■ Exercise brief: Only the pictures are to be left out; the listing itself is repeated exactly.
##### Record extracts #####
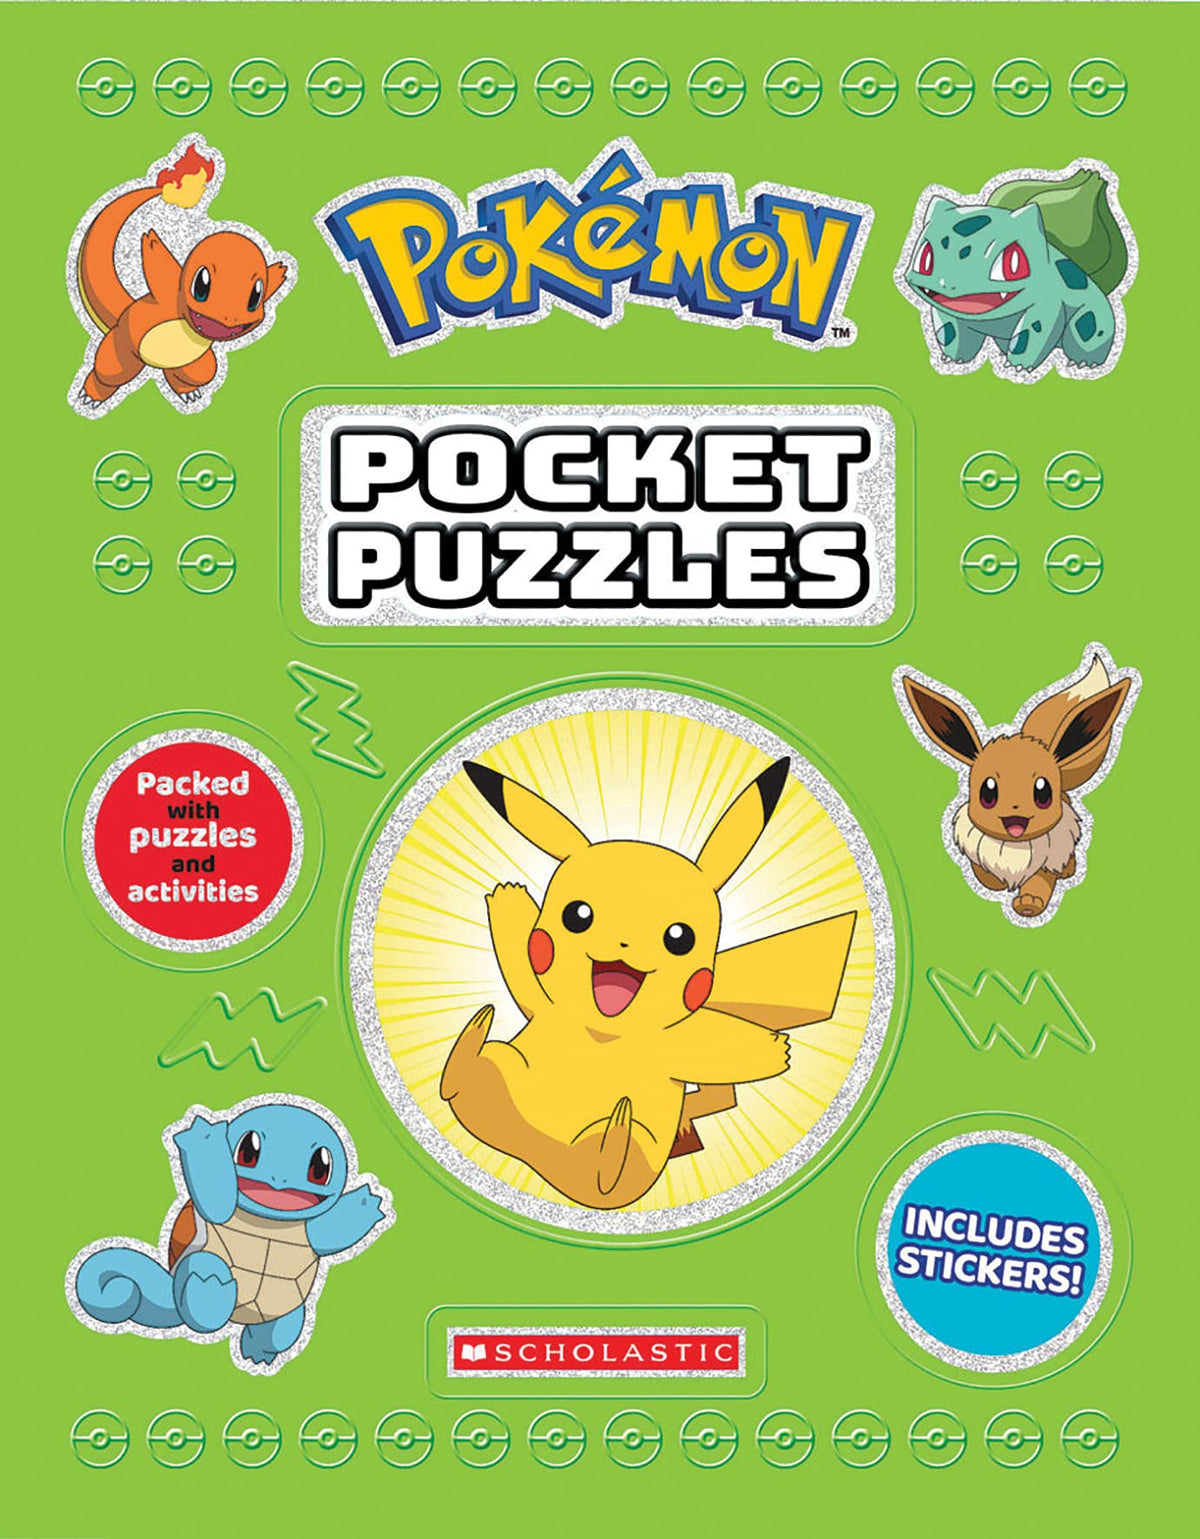 Pokemon: Pocket Puzzles - Third Eye
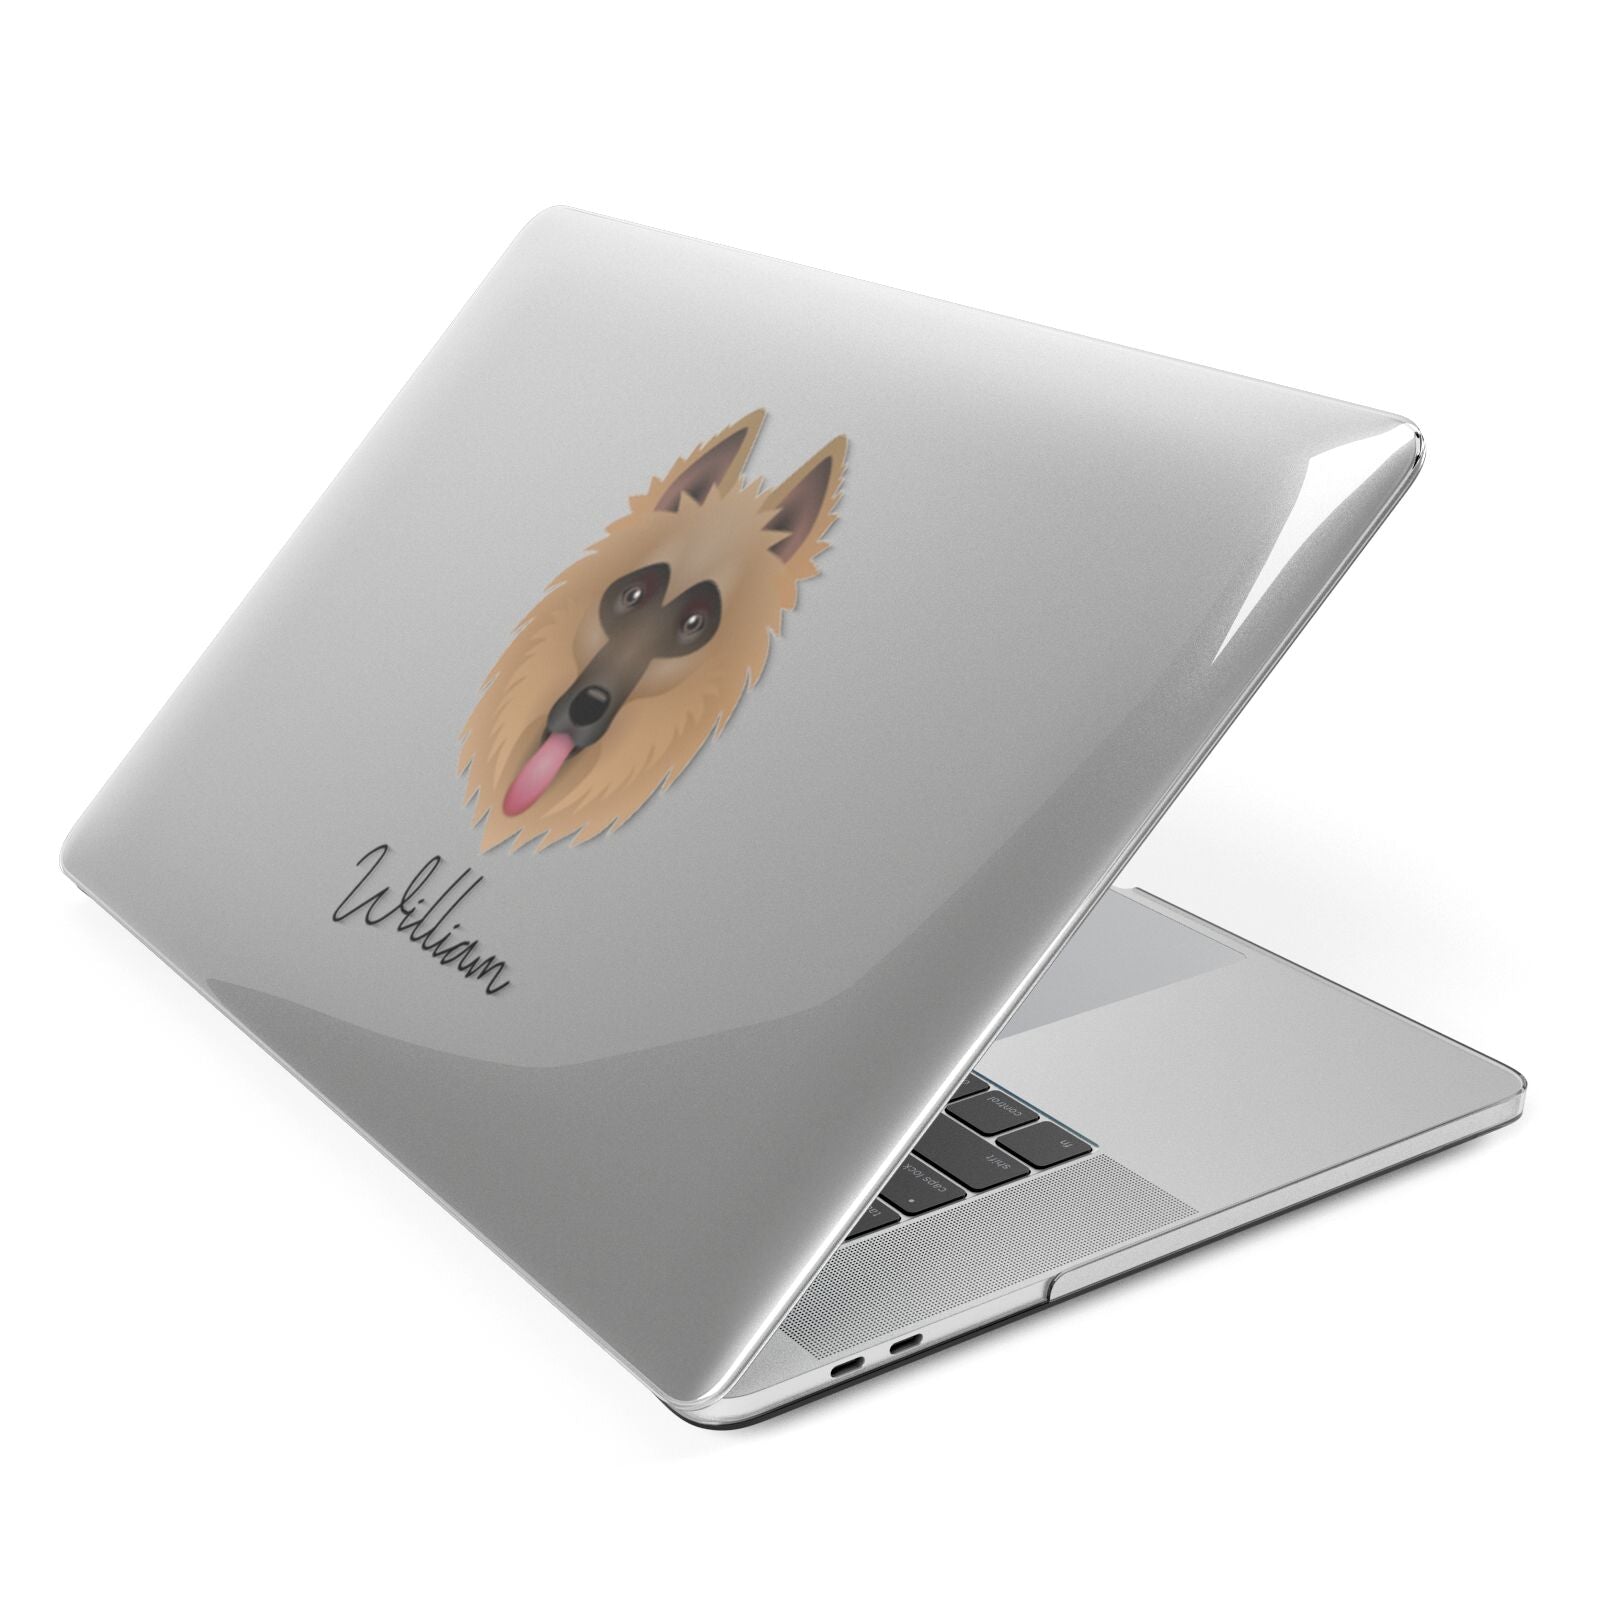 Belgian Shepherd Personalised Apple MacBook Case Side View
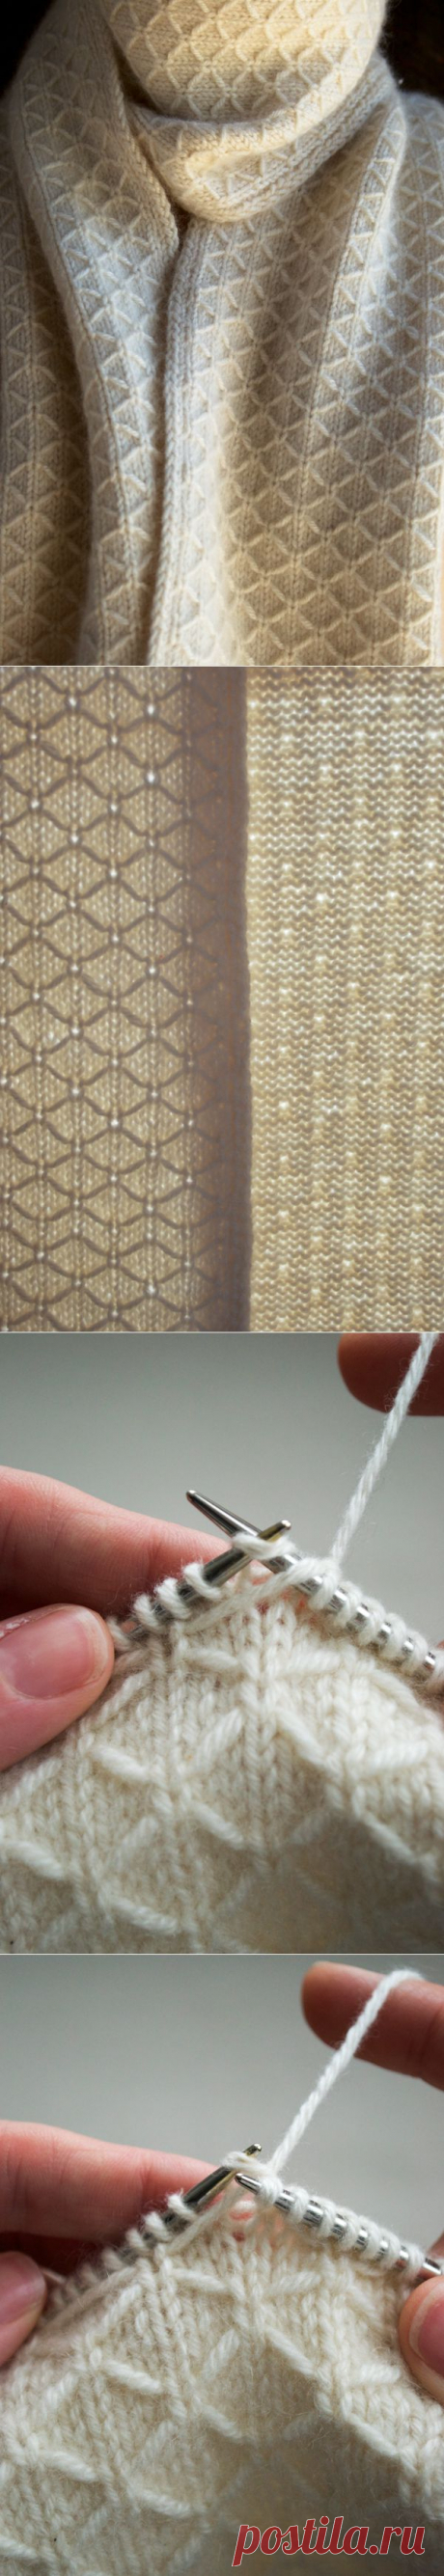 Лаура петли: Трельяж шарф - Purl пчела - вязание крючком, шитье, вышивка ремесел структуры и идеи!
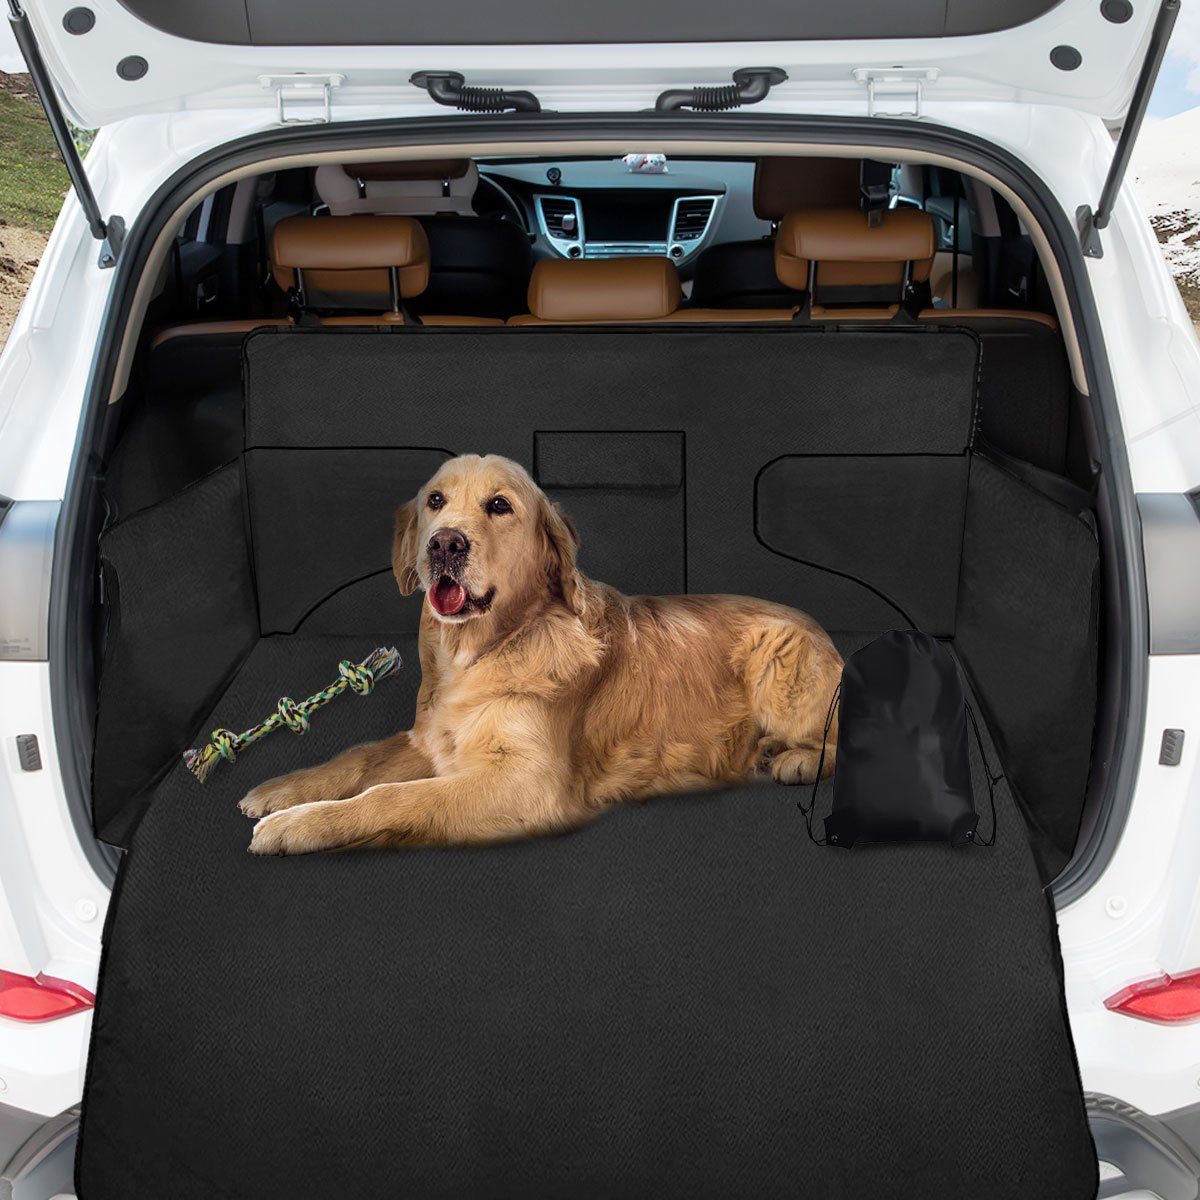 Auto Kofferraum Hunde Schutzdecke 175cm
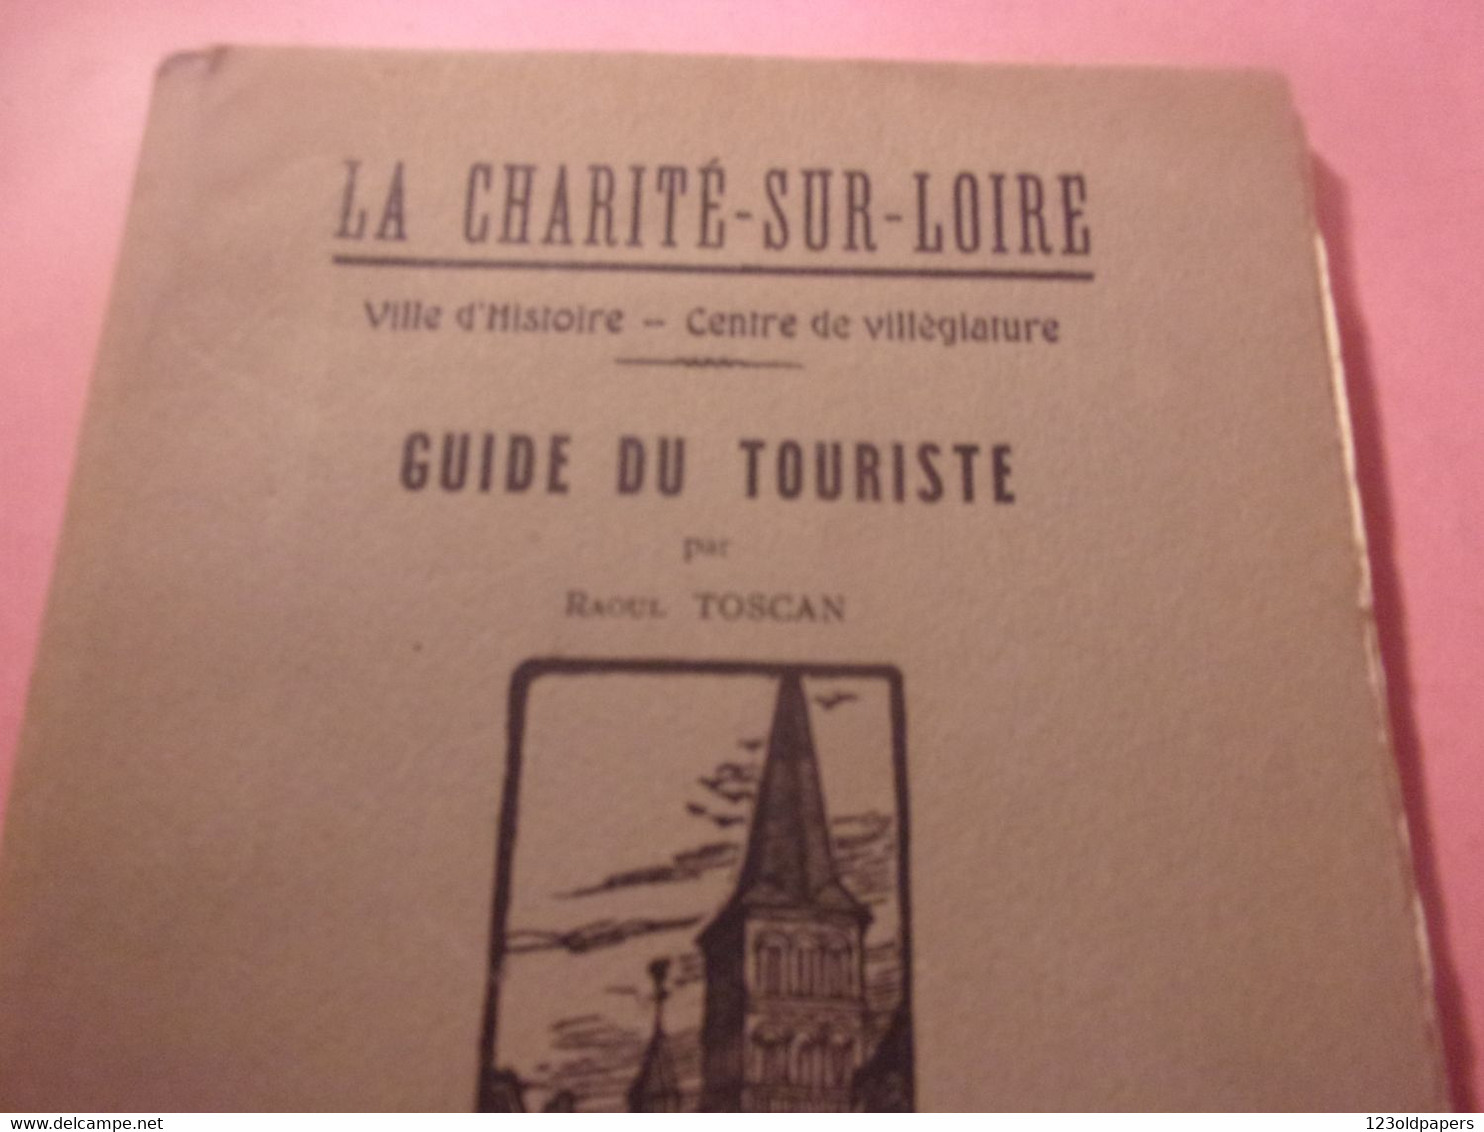 ♥️ La Charité-sur-Loire, Ville D'histoire, Centre De Villégiature, Guide Du Touriste Par Raoul Toscan. Fernand CHALANDRE - Bourgogne
#####
■ Written reply:
 Pokemon: Pocket Puzzles - Third Eye
 Belgian Shepherd Personalised Apple MacBook Case Side View
 Лаура петли: Трельяж шарф - Purl пчела - вязание крючком, шитье, вышивка ремесел структуры и идеи!
 Auto Kofferraum Hunde Schutzdecke 175cm
 ♥️ La Charité-sur-Loire, Ville D'histoire, Centre De Villégiature, Guide Du Touriste Par Raoul Toscan. Fernand CHALANDRE - Bourgogne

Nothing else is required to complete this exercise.